1923 tour of the US President to Alaska

The Voyage of Understanding (officially the Tour of the President to Alaska) was a trans-continental tour of the Western United States taken by President Warren G. Harding in the summer of 1923. It marked the first time a sitting president visited Alaska and Canada. The tour took place during the final weeks of Harding's life, as he fell ill during the tour and died.

Harding wished to spend time outside of Washington, D.C. following a number of scandals that had begun to cast a shadow over his presidency, most notably the Teapot Dome scandal. He chose to embark on a tour to improve public relations in anticipation of his reelection campaign in 1924. President Harding, along with Florence Harding and a large company of officials, began the tour across the United States aboard the Superb.

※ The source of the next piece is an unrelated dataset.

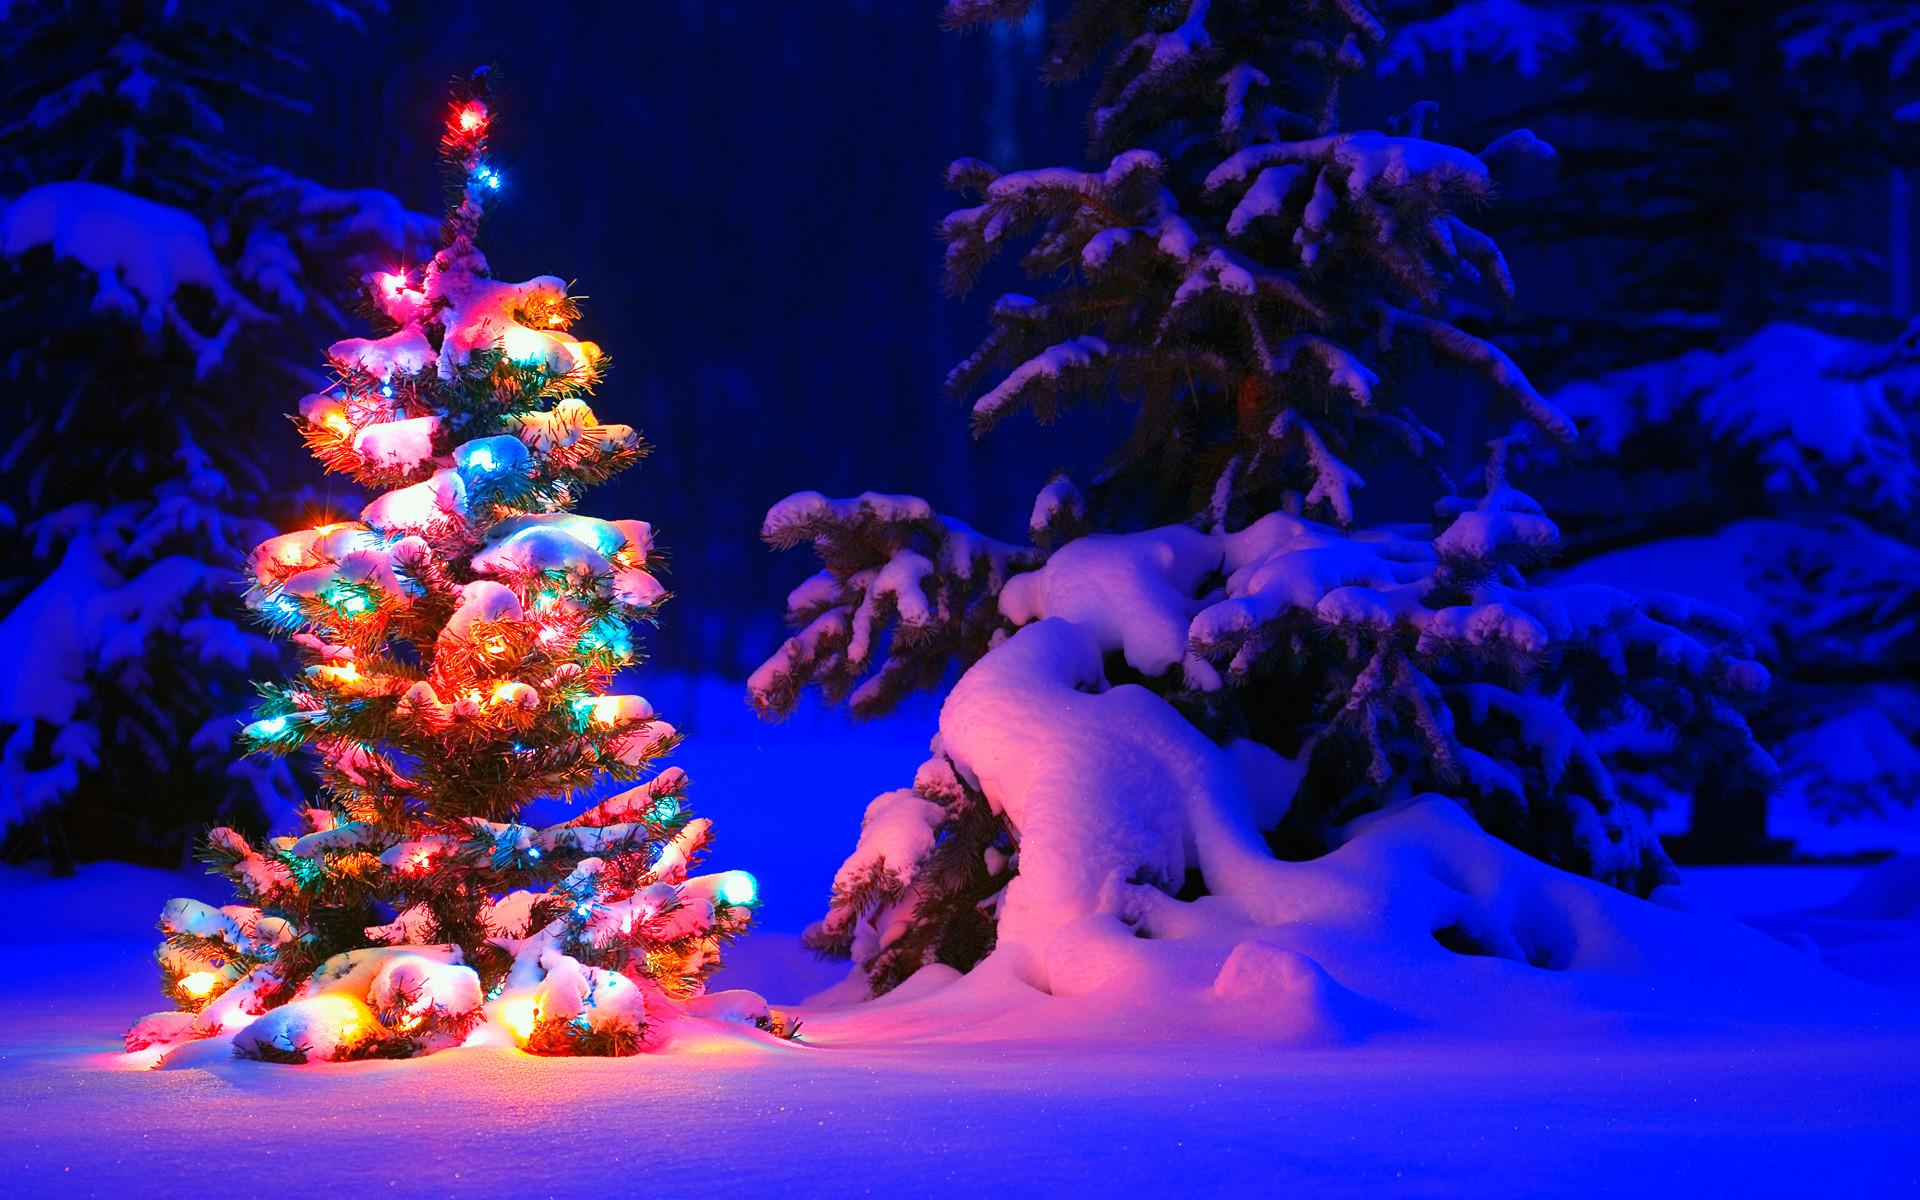 Snowy Christmas Tree Lights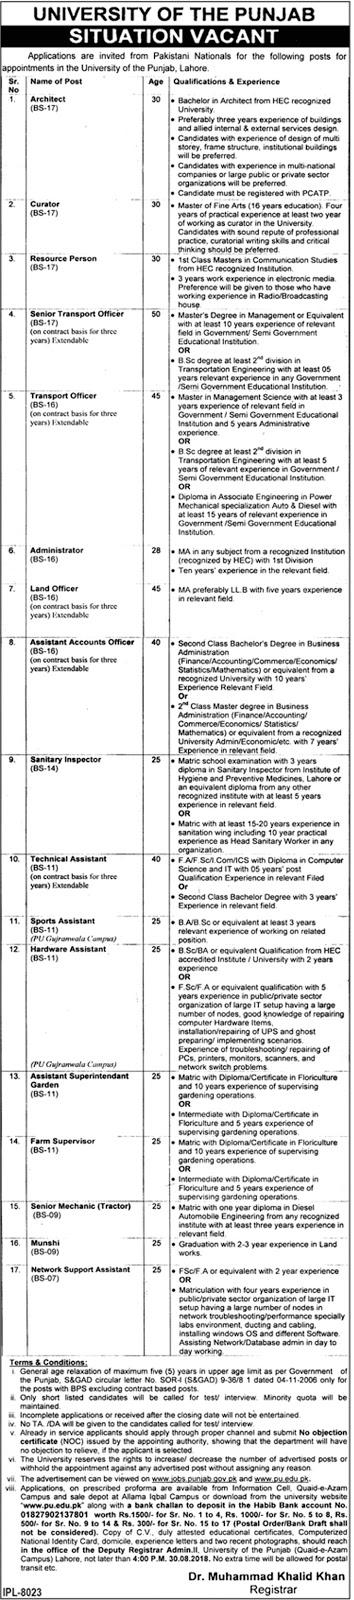 PU August 2018 Jobs, University of Punjab

On July 5, Harding and his companions arrived in Tacoma, Washington, and boarded the USS Henderson on a voyage to Alaska. During his time in Alaska, he visited Mount McKinley National Park and what is now the University of Alaska Fairbanks. He also attended the completion of the Alaska Railroad in Nenana, where he drove in the final spike.

As he concluded the Alaska portion of his tour in late July, Harding began to complain of cramps, indigestion, fever and shortness of breath. As written by Herbert Hoover in his memoirs:We got the President to the Palace Hotel where he insisted that Work and I take rooms close by. The doctors, despite Sawyer, at once diagnosed the case as a heart attack. In their view, it was most serious; and I therefore called Secretary Hughes and told him it might be desirable for him to keep in touch with Vice President Coolidge.

Under treatment the President seemed to improve. The doctors insisted that he must have two months of absolute rest. Through friends I arranged to take a private residence for him on the California coast. In the meantime, the date for the San Francisco speech (July 31) had arrived, and the President authorized me to release it to the press, although it was not delivered. I did so, as I wanted to establish that much of a broader foreign policy. Senator Hiram Johnson and the isolationist press were greatly irritated and attacked me for some days as being the author.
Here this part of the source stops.